## GIVEN DATA
»»
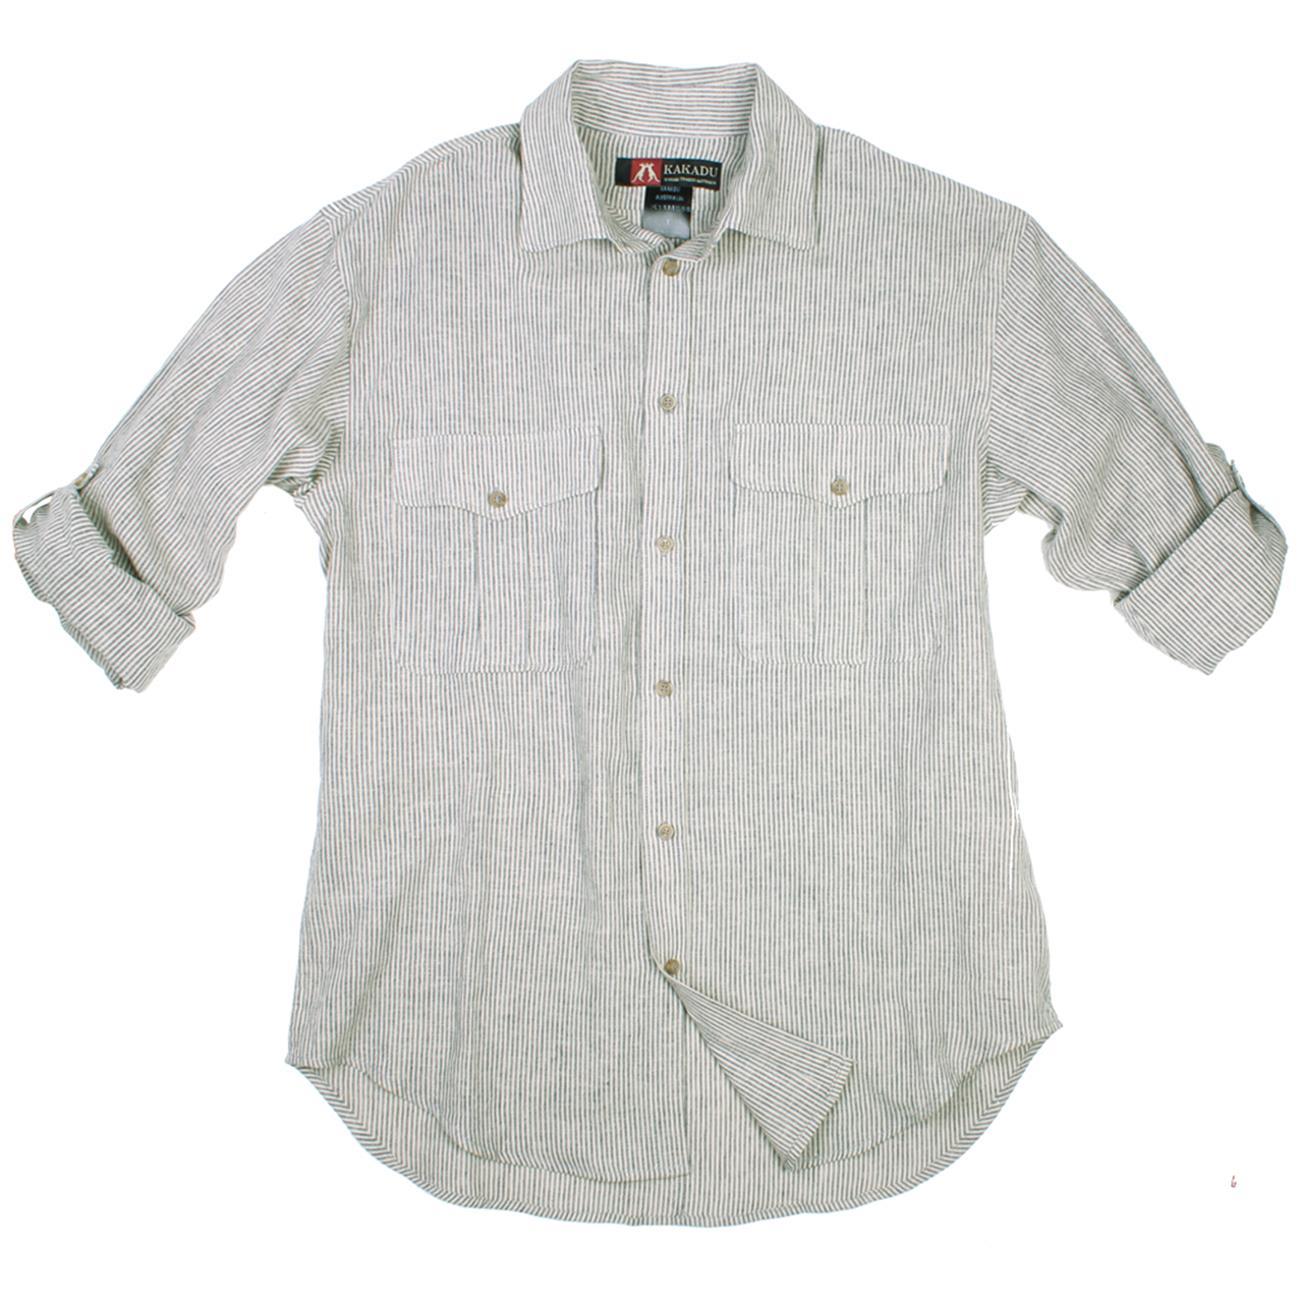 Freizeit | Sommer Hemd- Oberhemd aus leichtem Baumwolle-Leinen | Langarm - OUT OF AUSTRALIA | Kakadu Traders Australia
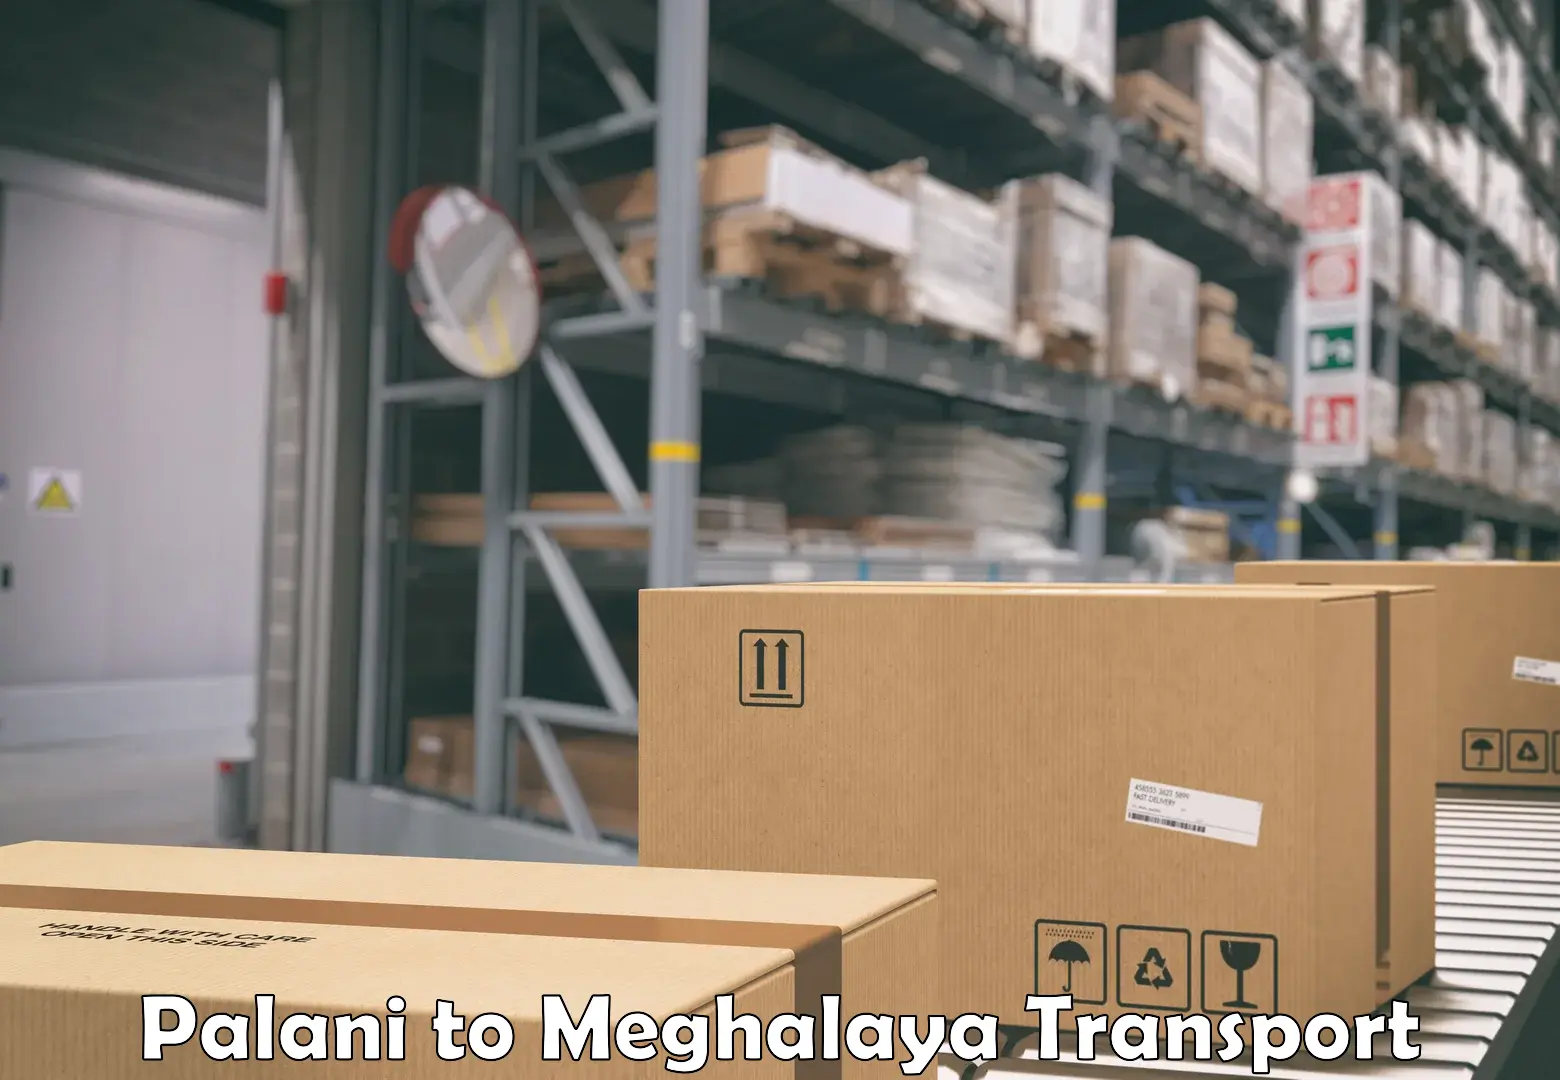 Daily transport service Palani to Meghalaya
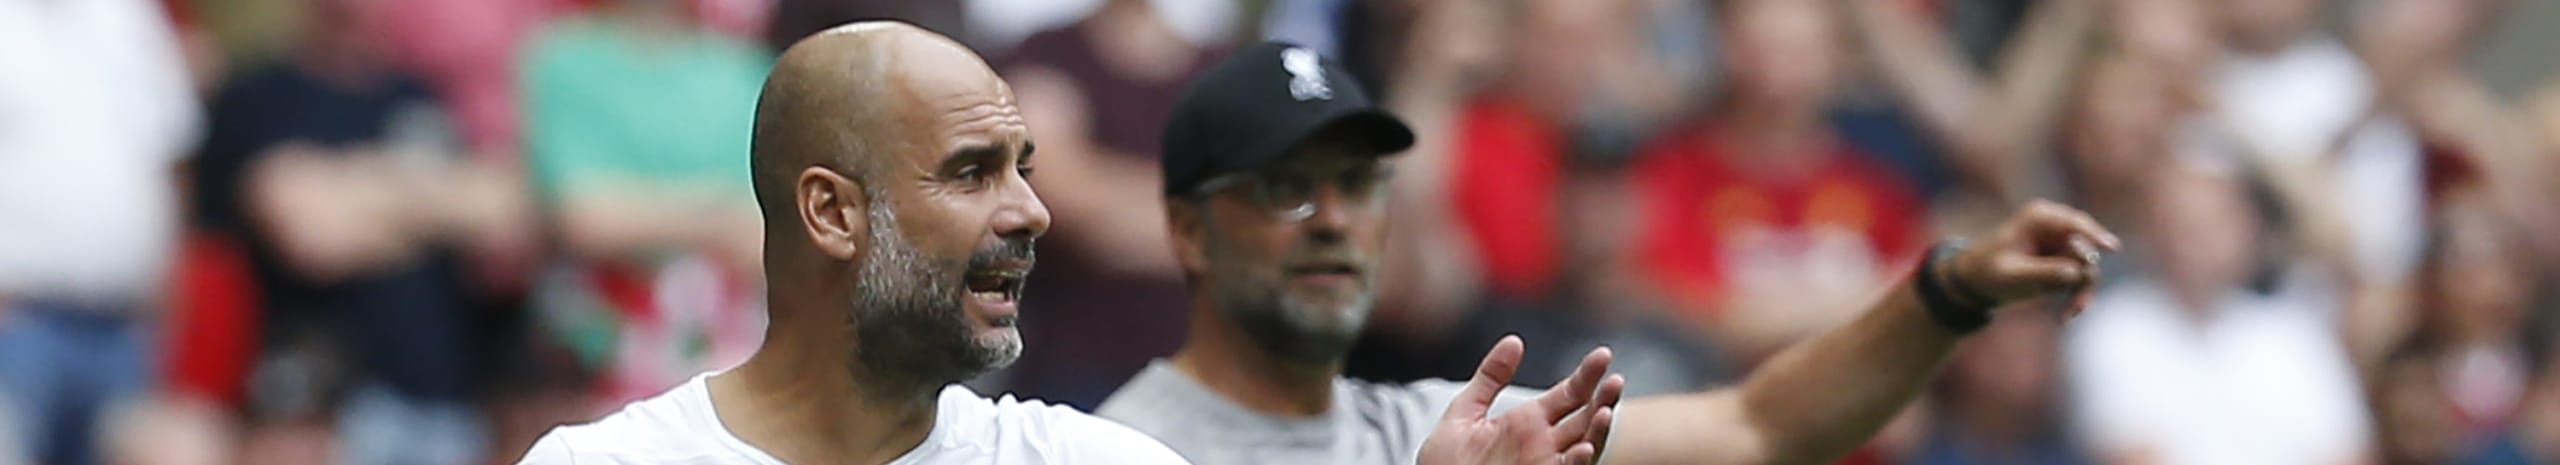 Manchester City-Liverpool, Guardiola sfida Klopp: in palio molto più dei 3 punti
««
Would you retype every line shown above exactly, leaving the pictures aside?

## TASK SOLUTION
 Freizeit | Sommer Hemd- Oberhemd aus leichtem Baumwolle-Leinen | Langarm - OUT OF AUSTRALIA | Kakadu Traders Australia
 Daily transport service Palani to Meghalaya
 Manchester City-Liverpool, Guardiola sfida Klopp: in palio molto più dei 3 punti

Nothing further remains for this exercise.